Drug Enforcement Administration Museum
"It could be a lot worse in here," said Rusty Payne, spokesman for the DEA and one of our informal guides at the Drug Enforcement Administration Museum.
Rusty stood next to a body, wrapped in a sheet, lying on a hospital gurney along with a sign titled, "How Drugs Kill."
"We've got plenty of pictures of drug-related beheadings on the Southwest border," said Rusty. "But kids come in here. I wouldn't want them to see that."
Shanita Perry, our other DEA employee-guide, echoed Rusty's observations. "We have 'meth mouth' before and after pictures," she said. "The elderly do not like them."
Having to sooth the sensitivities of a wide range of walk-in visitors cramps the style of the DEA Museum, run by law enforcement officials who would rather push the shock button with "scared straight" exhibits (which have historically been highlights of police museums). This self-censorship also partly explain why, with all of the drugs and paraphernalia confiscated over the years, the museum only occupies a modest space on the ground floor of DEA headquarters.
Still, there's good stuff to see. The exhibits begin with the dawn of "the modern pleasure drug culture" in 19th century China, and really hit their stride in the stoner America of the Nixon years. "We get lots of display donations," said Rusty, but none voluntarily from drug users.
Visitors are greeted by "Jimmy's Joint," a reproduction "American Head Shop circa 1970s" with beads in the doorway and a hairy, grinning proprietor surrounded by hash pipes and bongs, one labeled "Tokemaster." An accompanying exhibit in the museum, Middle Class Drug Culture, laments that "they brought an unfortunate entrepreneurial energy to what has been a very marginal subculture," and displays over-the-counter rolling papers, roach clips, and a "marijuana intensifier" machine.
(In contrast, the DIY 1960s showcases bongs made from a 7-Up bottle and a jar of Kraft Imitation Mayonnaise, and a display board glued with hallucinogenic mushrooms.)
Rusty said that he gets into debates "all the time" with museum visitors who want to know why pot isn't legal. "We get a lot of, 'What do you think of this? What do you think of that?'" he said. "We don't think! We enforce!"
As the goofy 1960s and '70s end, the exhibits grow more serious.

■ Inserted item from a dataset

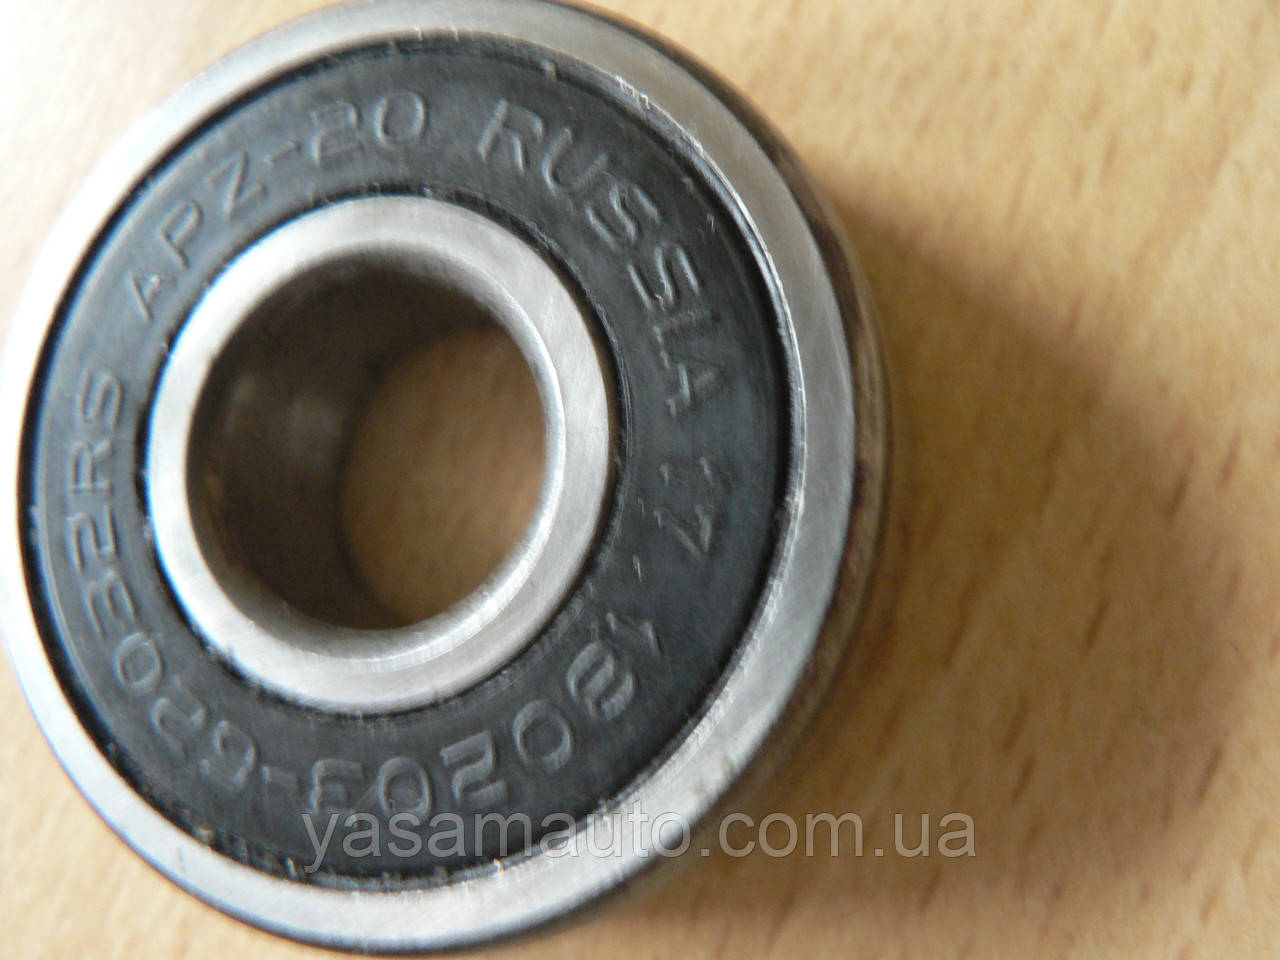 Подшипник 180203 - 6203 2RS шариковый закрытый D=42мм d=15мм h=13мм Россия АПЗ 20

The snakeskin disco shoes and rabbit fur coat worn by undercover cops give way to booby traps found in marijuana fields and the diamond-encrusted Colt .45 of drug lord Rafael Caro-Quintero, which is the most popular exhibit in the museum, according to Shanita. There's a teddy bear stuffed with drug money, McDonald's coffee mini-spoons that had to be recalled because Americans used them to snort cocaine, and a CD of "Mexican narcomusic" by the band Grupo Exterminador, "celebrating the exploits of Mexican drug criminals."
The timeline ends with a display of Southeast Asian death-to-drug-traffickers posters and an entire exhibit on "Drug Diversion" of prescription medications (Shanita said that "pharming parties" are big in the suburbs). In counterpoint to Jimmy's Joint, a reproduction "American crack house" is far less inviting. Look through a slot in a rusty metal door and you'll see -- a photo of eight- and nine-year-old kids!
Does anyone ever visited the museum while on drugs? Shanita said yes, and "If I see them, I tell them to leave."
"We know if you come here high," she said. "Why would you do that? This is DEA headquarters! They love arresting people!"